- Location: Chicago, Illinois, United States
- Address: Suite 2400, Two Prudential Plaza, 180 North Stetson Avenue
- Jurisdiction: Illinois, Missouri and Wisconsin
- Consul General: Claire Kennedy
- Website: Canadian Consulate General in Chicago

= Consulate General of Canada, Chicago =

Diplomatic mission of Canada in Illinois

The Consulate General of Canada in Chicago is a Government of Canada diplomatic mission responsible for Canadian interests in the states of Illinois, Missouri, Wisconsin, northwestern Indiana and the Kansas City metro area. The Consulate General is part of a worldwide network of Canadian diplomatic and trade offices, including more than 15 across the United States. In the Midwest, Canada accounts for more than 35% of the region's international trade. Canada is the largest export market for Illinois, Missouri and Wisconsin, larger than Mexico, China, Brazil, Australia, and Japan combined. The Midwest–Canada trade relationship is worth more than $60 billion annually and supports more than 650,000 Midwest jobs.
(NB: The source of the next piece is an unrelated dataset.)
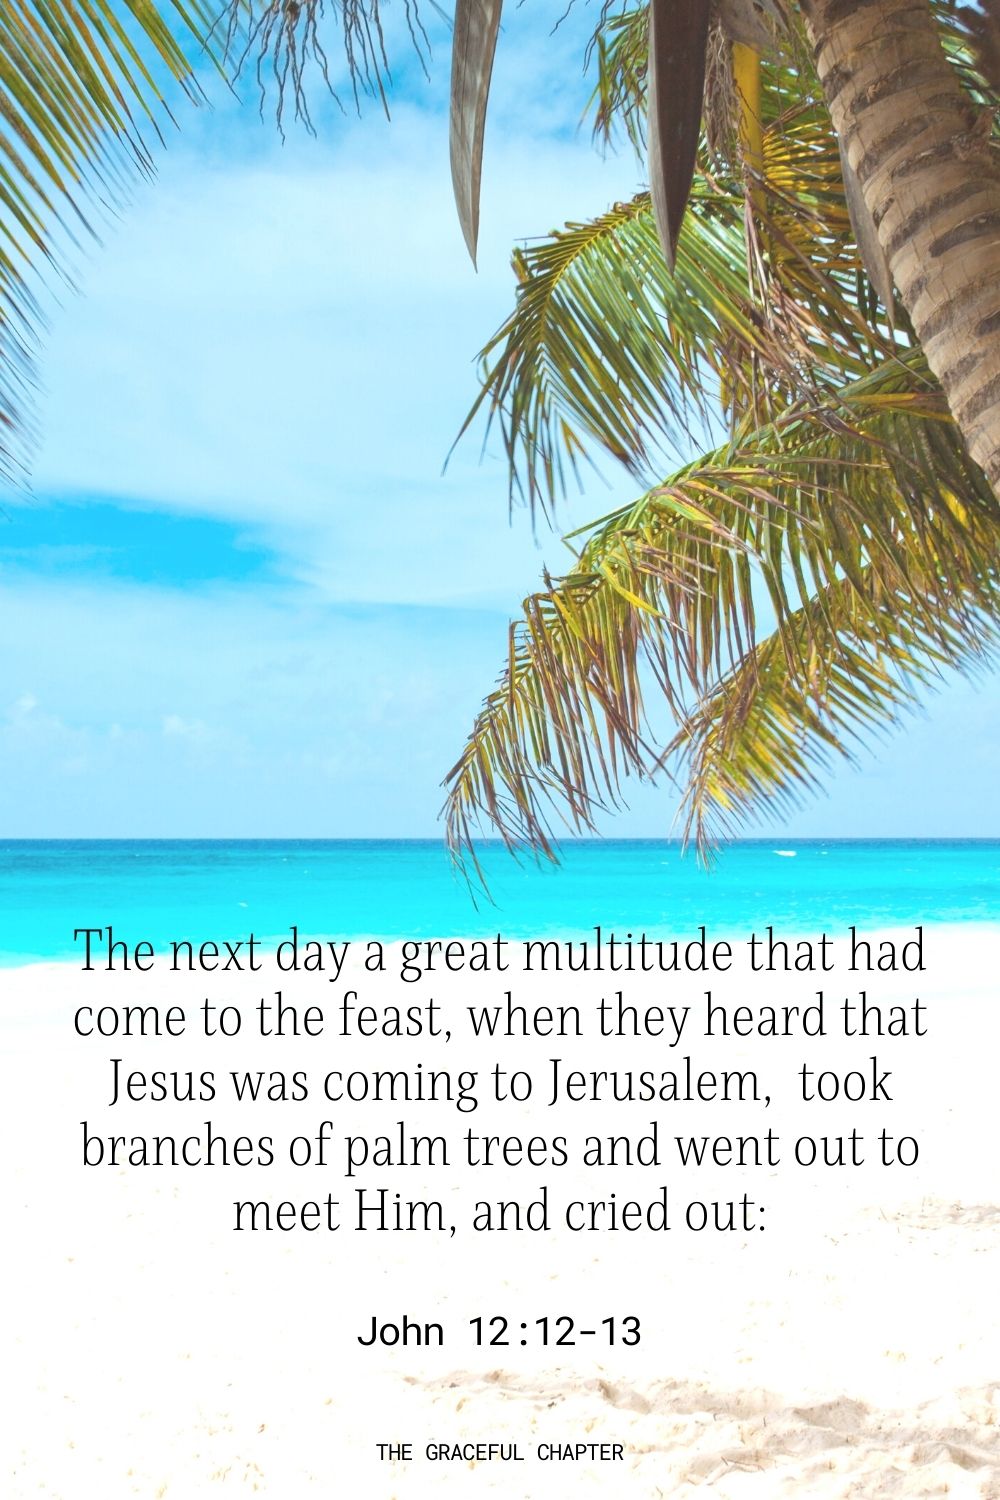 The next day a great multitude that had come to the feast, when they heard that Jesus was coming to Jerusalem,  took branches of palm trees and went out to meet Him, and cried out: John 12:12-13

Canada is also the largest foreign supplier of oil, natural gas, electricity, and uranium to the U.S. The trade partnership, along with an integral energy relationship, a shared responsibility for the Great Lakes and the environment, and the vast cultural, academic and tourism ties between the two countries, are just a few examples of why the Canada–U.S. relationship is so beneficial and meaningful to both nations. The mission's 27 staff members in Chicago work to further this relationship by promoting Canada's interests in this region through stronger trade and economic ties, as well as enhanced political, academic and cultural links between Canada and the Midwest. The Consulate General also provides consular assistance to Canadians who are visiting or living in the accredited territory.

== Current and former Canadian Consuls General in Chicago ==
- Edmond Turcotte (November 10, 1947) – the first consul-general
- Douglas S. Cole (August 1, 1950 –)
- Frederick H. Palmer (February 1, 1955 –)
- Gerald A. Newman (April 15, 1957 – October 16, 1960)
- Charles F. Wilson (April 7, 1960 – December 31, 1964)
- Stanley V. Allen (January 29, 1965 – June 19, 1969)
- Leland H. Ausman (June 17, 1969 – April 1, 1970)
- Robert D. Sirrs (April 1, 1970 – August 15, 1971)
- John Timmerman (August 25, 1971 – September 5, 1974)
- Wilmer J. Collett (May 8, 1974 – July 9, 1979)
- James H. Stone (April 4, 1979 – May 1, 1980)
- Robert H. Gaynor (1980–1984)
- Anthony Halliday (1984–1989)
- Douglas Valentine (August 24, 1989 –)
- Allan Lever (December 15, 1993–)
- J. Christopher Poole (July 10, 1997–)
- Anne Charles (July 2, 2002-2006)
- Georges Rioux (2006 – 2011)
- Gitane De Silva (December 15, 2011 – January 16, 2014)
- Roy Norton (2014 - 2016)
- John Cruickshank (2017 – 2020)
- Madeleine Féquière (2022 - August 2026)
- Claire Kennedy (September 2026 to present)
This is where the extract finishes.